I have a hard enough time keeping myself upright when attempting to boat a sizable fish. I can't imagine having two people shifting weight in the opposite directions. Wet wife = nasty life..or happy night life...depending on how you look at it..


----------



## Hopper (Jun 17, 2002)

We have no problem getting one for each of us. That is why I asked. We know nothing and just want a good starting point.


----------



## jetfishn (Feb 7, 2007)

Check out a couple of the Mini X kayaks or 10 ft Manta ray models if you want good portability and are not gonna paddle long distances.


----------



## mdelletro (Jun 22, 2007)

I big factor is what you want to spend??


----------



## TugCapn (Jun 18, 2007)

*Heritage Kayaks*

I would recommend you go to www.heritagekayaks.com.
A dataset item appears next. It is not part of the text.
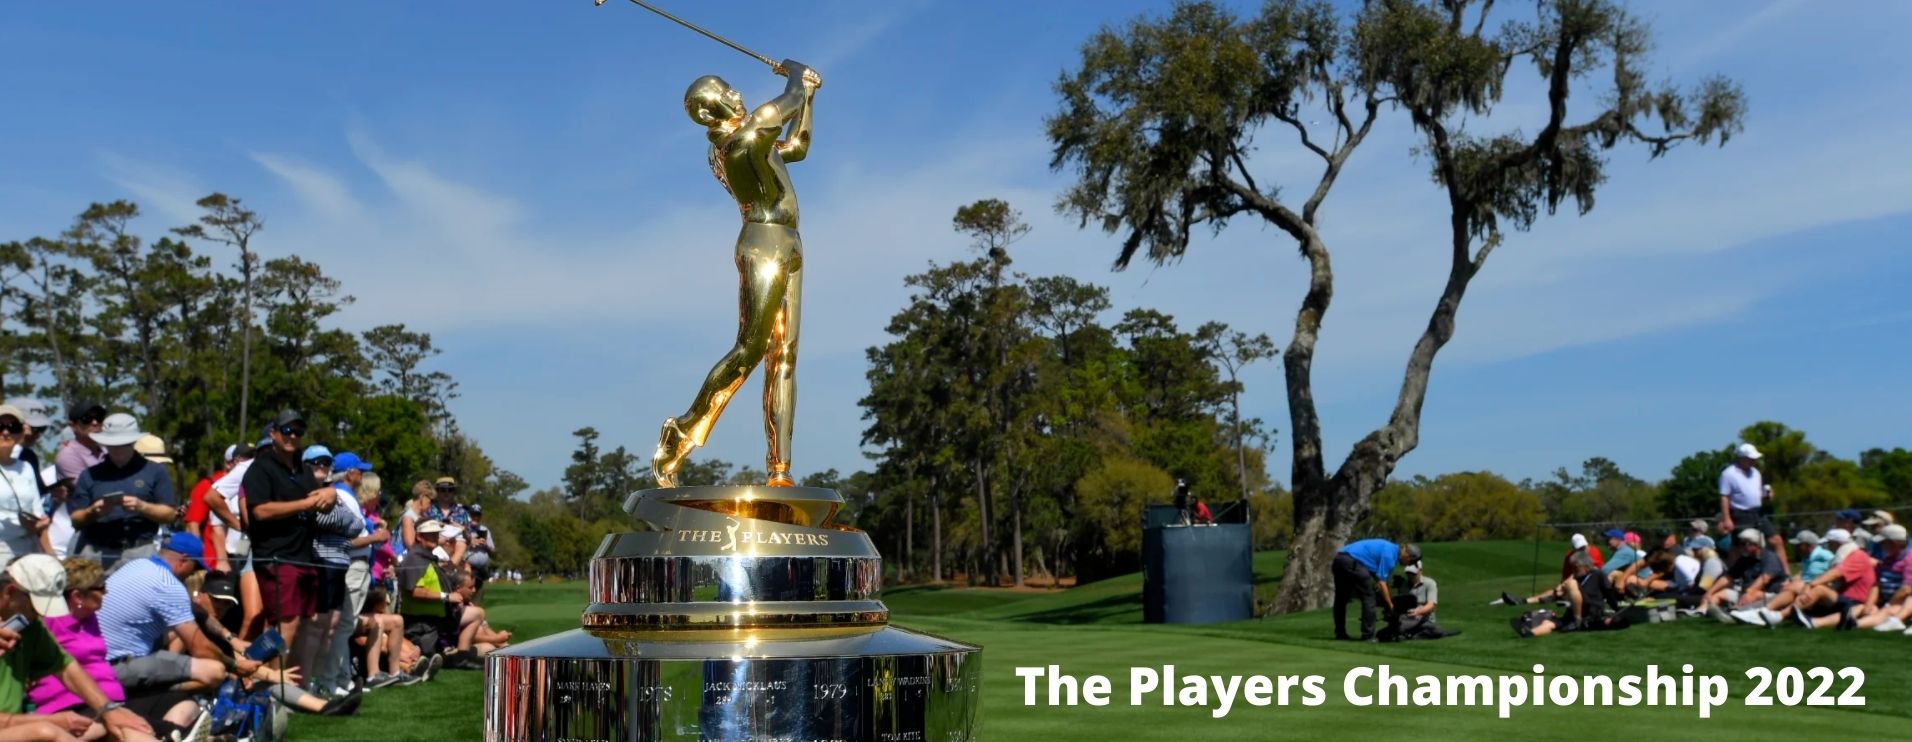 Golf The Players Championship 2022 PGA Tour: Schedule, How to Watch, Tickets

They make a great 1&2 person yak, they are very stable and will make a great first kayak. My personal opinion buy 1 for each of you......YOU"LL THANK ME LATER. ......PEACE OUT


----------



## mdelletro (Jun 22, 2007)

It seems the Liquid logic and the Wilderness systems and to some extent the heritage are almost the same boat...
I have the manta ray and a good friend has an ocean kayak. The manta ray is much drier more comfortable and faster than the ocean kayak.
the ocean kayak seems to have a thicker hull than the manta rays.. 
this may help


http://www.kayakfishingstuff.com
http://www.topkayaker.net/KayakData/BuyGuides/KayakChoice.html

http://canoekayak.com/gear/kayaks/FishingKayakReview/


----------



## can't fish today (Oct 8, 2003)

> How east is it for one person to handle a two person kayak.
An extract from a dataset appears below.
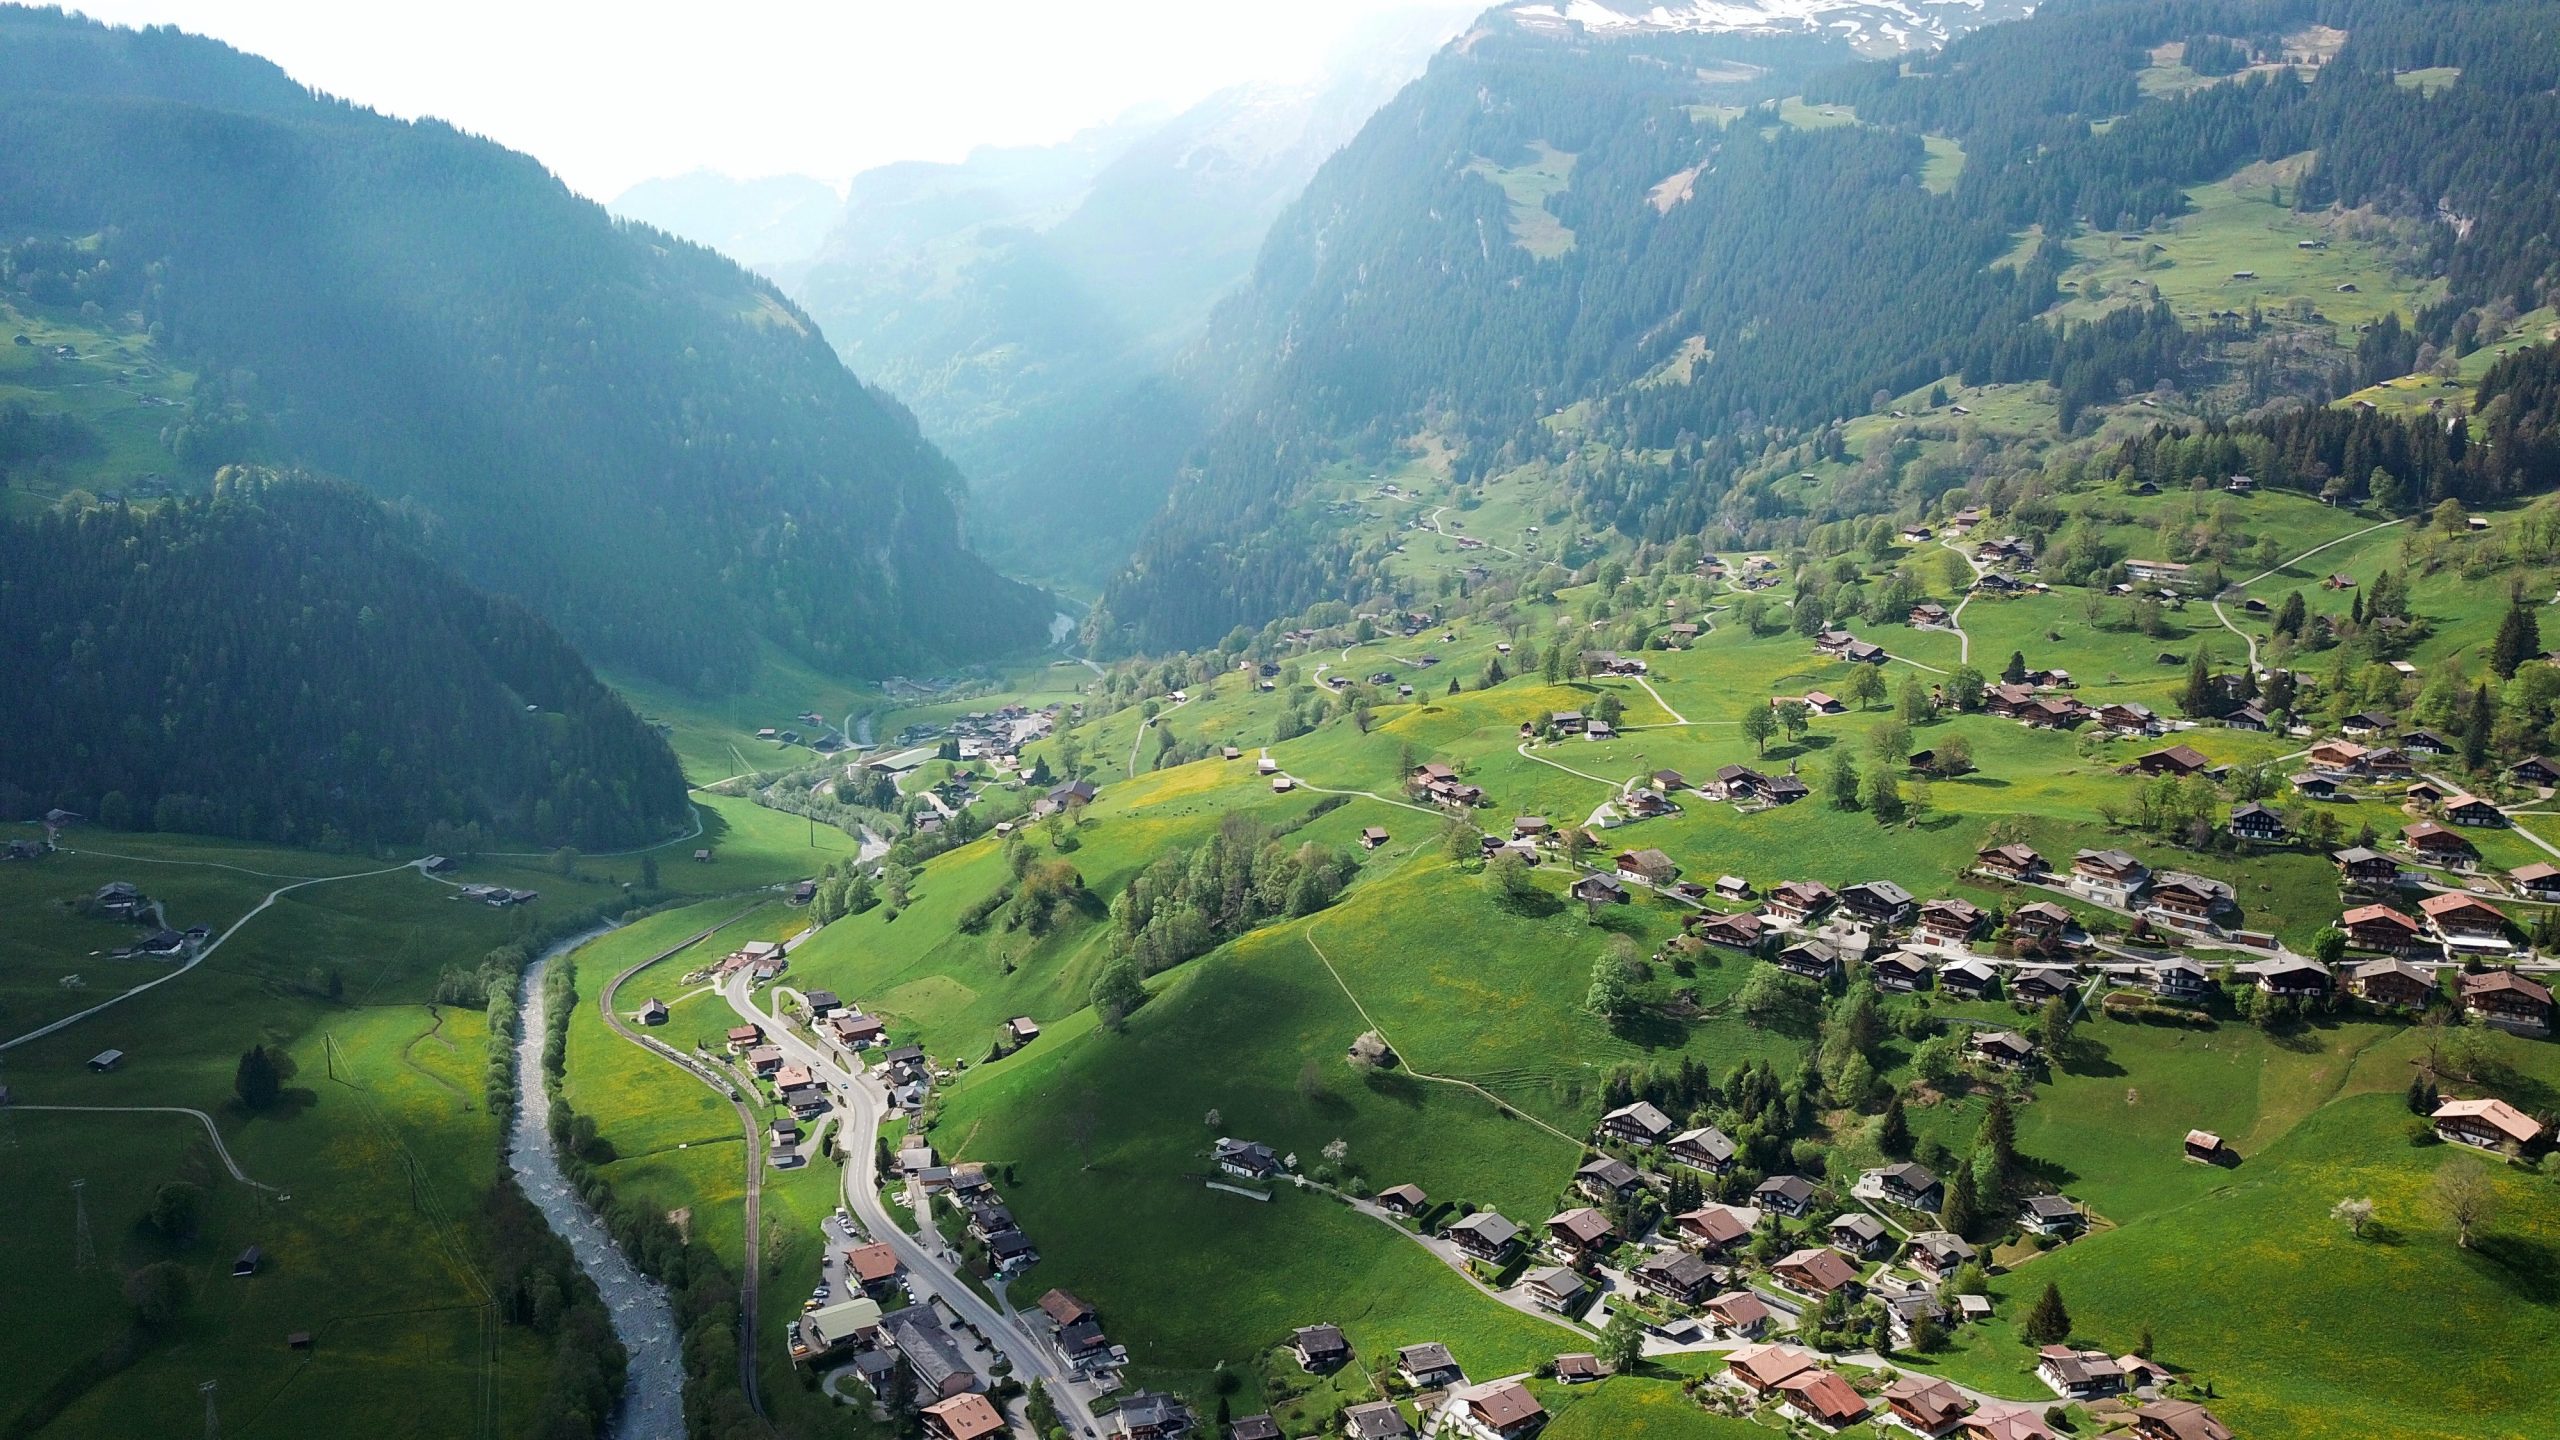 Top 7 Things to Do in Grindelwald: The Best of Switzerland

Awful, trust me. It maneuvers about like a paper box would.


----------



## fishbait (Nov 11, 2005)

I just purchased a Cobra Fish-N-Dive. It's a one person kayak, but the hull is the same hull as their tandem kayak. The nice thing for me is that I don't usually bring my wife out fishing, but I'd like to have the ability to bring her out on the lake near my house. I also want to be able to bring my kids once in a while. The F-n-D has a small rear facing seat that allows a second person to join you, but I'm betting it won't be comfortable for any extended period of time. If you fish with your wife a lot, I don't recommend this, but if it's just once in a while, then it may work for you. BTW, it's rated to handle up to 600 lbs in case you are worried about putting 2 people on a one person kayak.


----------